• Your assignment:
Going through the material below, output exactly the lines from the one containing "Rexroth IndraDrive C" through the one containing "#londonwedding #citywedding #justmarried", and no pictures.

• Records for this task:
━━━━━━━━━━

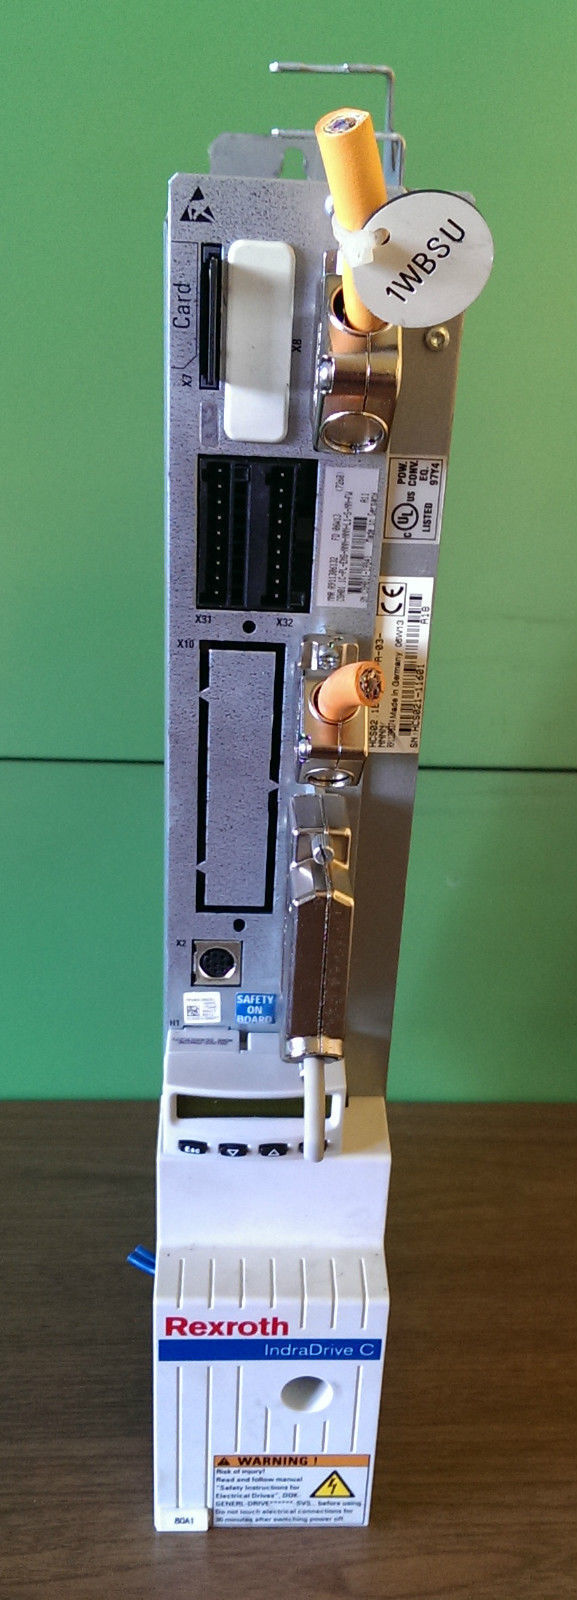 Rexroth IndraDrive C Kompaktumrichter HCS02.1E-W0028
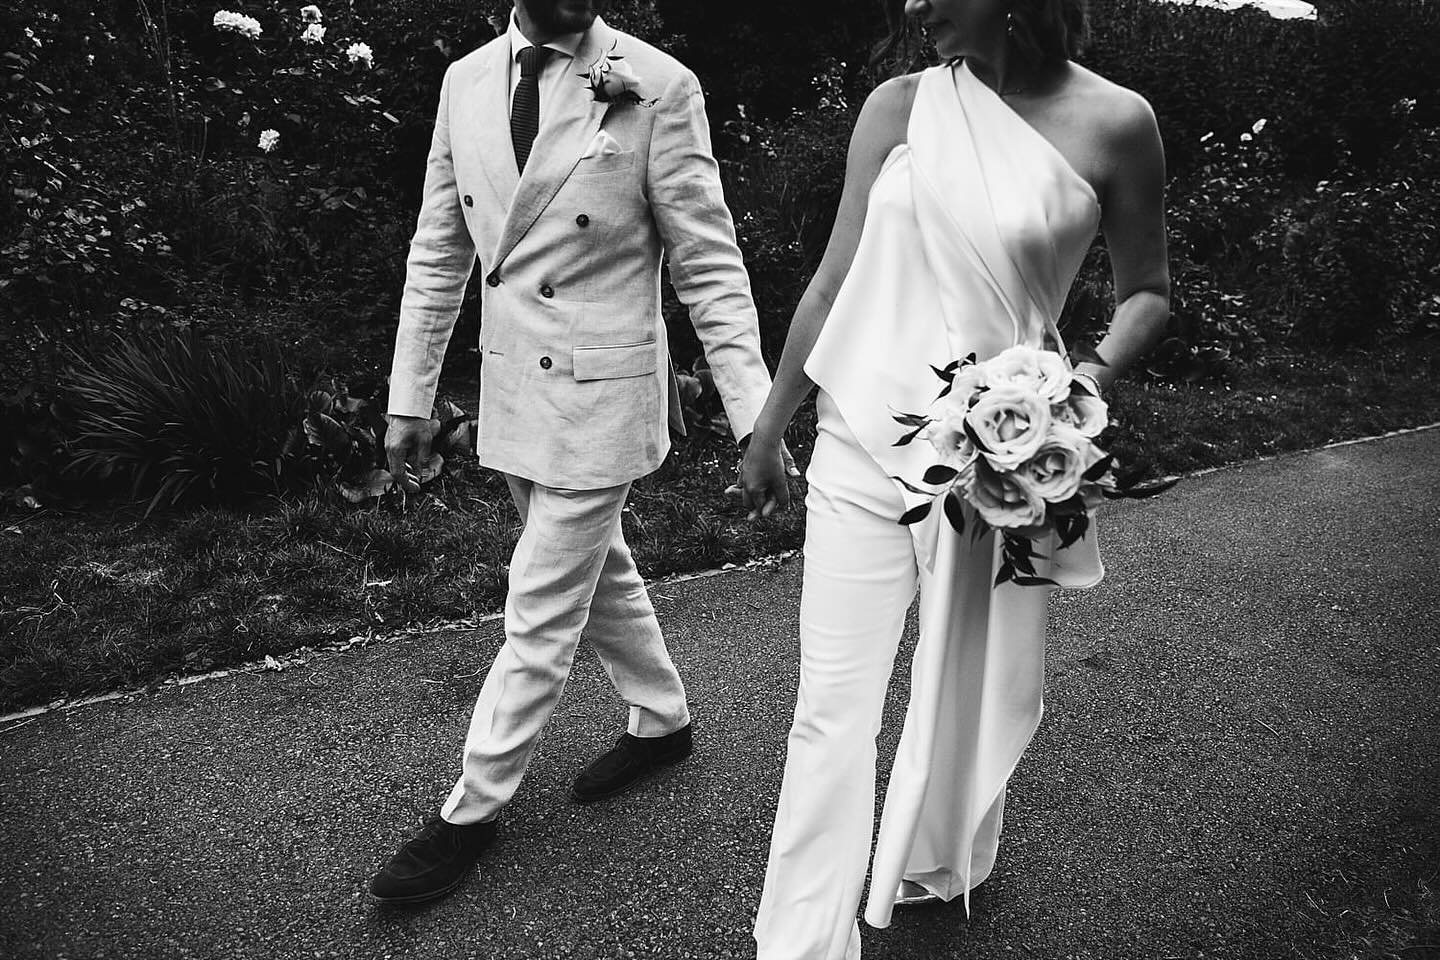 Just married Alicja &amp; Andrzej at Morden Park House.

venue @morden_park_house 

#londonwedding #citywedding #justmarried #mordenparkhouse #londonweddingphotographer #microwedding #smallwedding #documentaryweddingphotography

━━━━━━━━━━

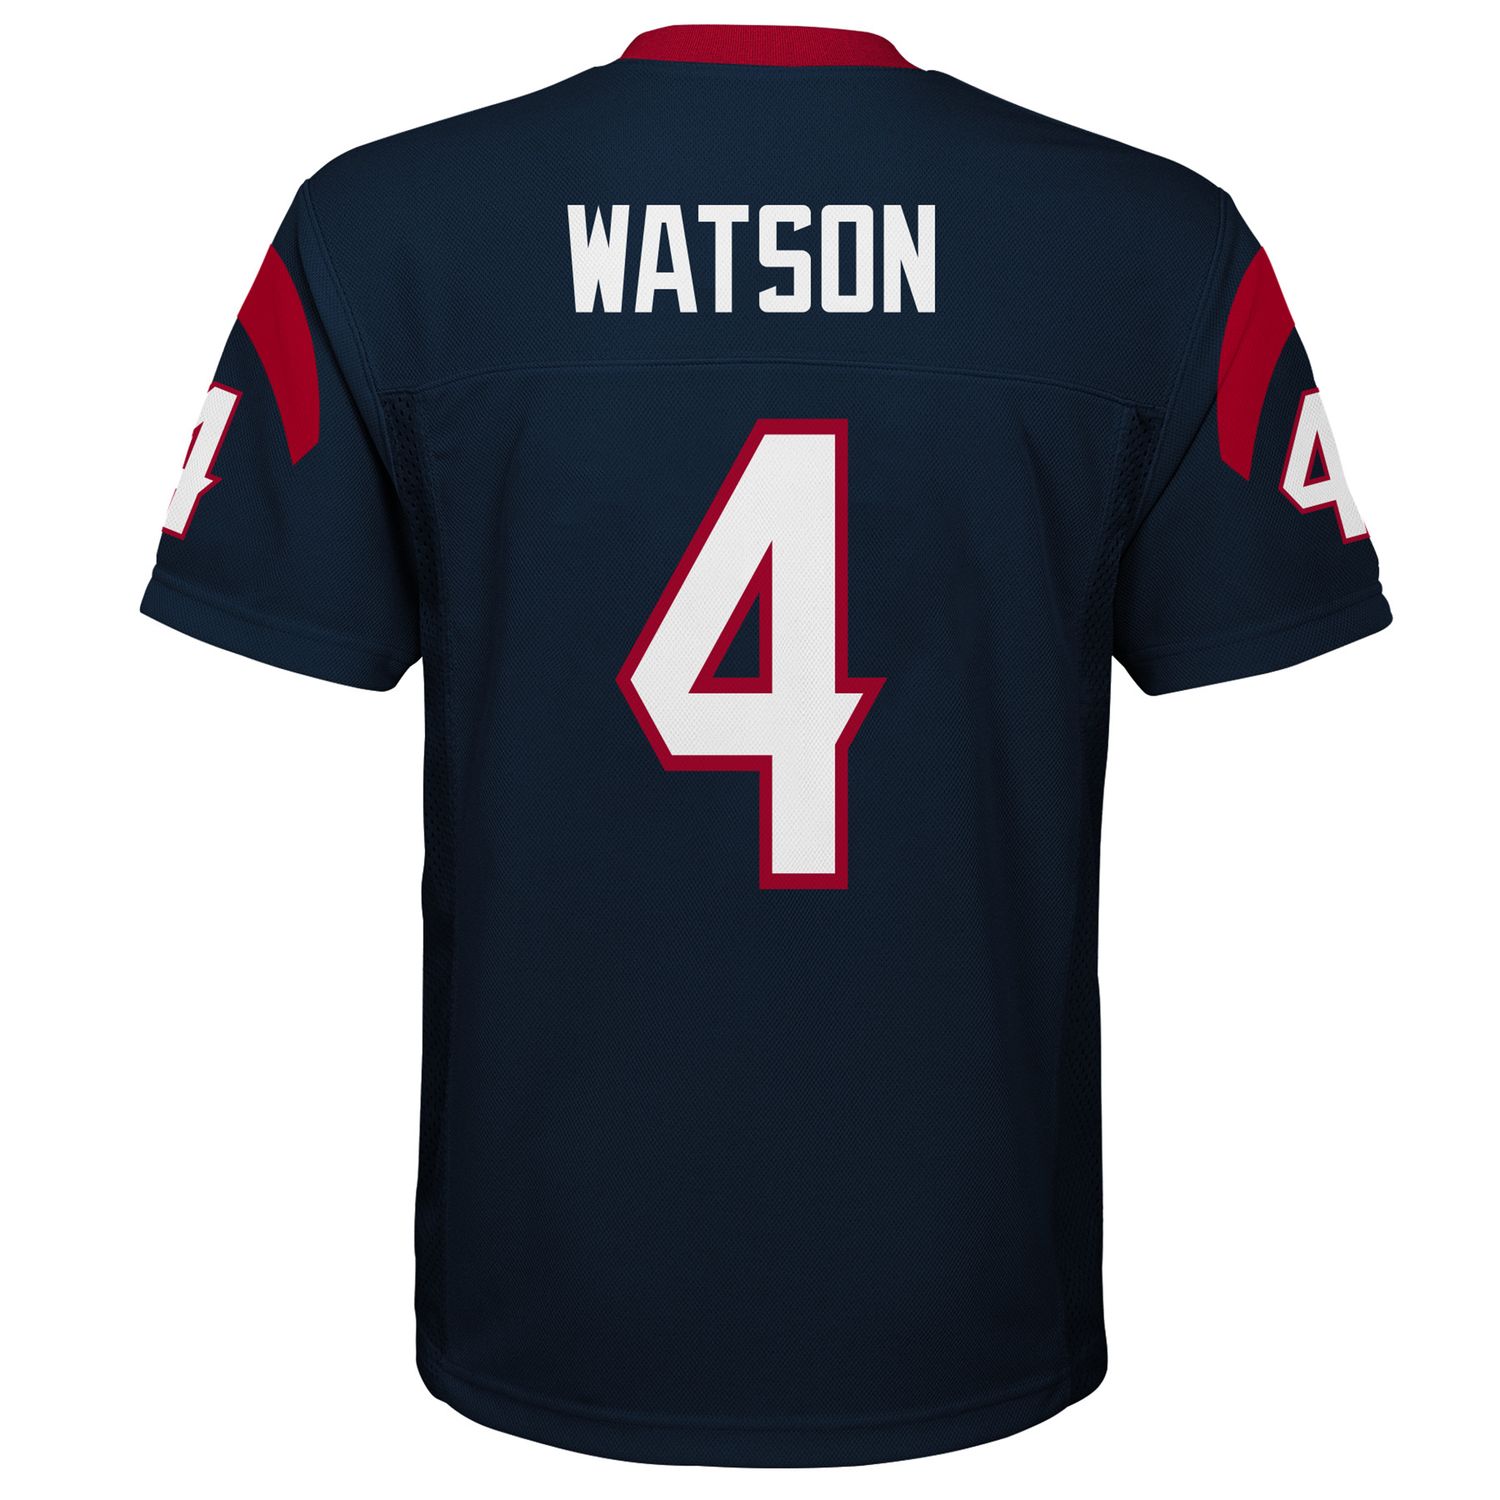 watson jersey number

━━━━━━━━━━

• Answer:
 Rexroth IndraDrive C Kompaktumrichter HCS02.1E-W0028
 Just married Alicja &amp; Andrzej at Morden Park House.

venue @morden_park_house 

#londonwedding #citywedding #justmarried #mordenparkhouse #londonweddingphotographer #microwedding #smallwedding #documentaryweddingphotography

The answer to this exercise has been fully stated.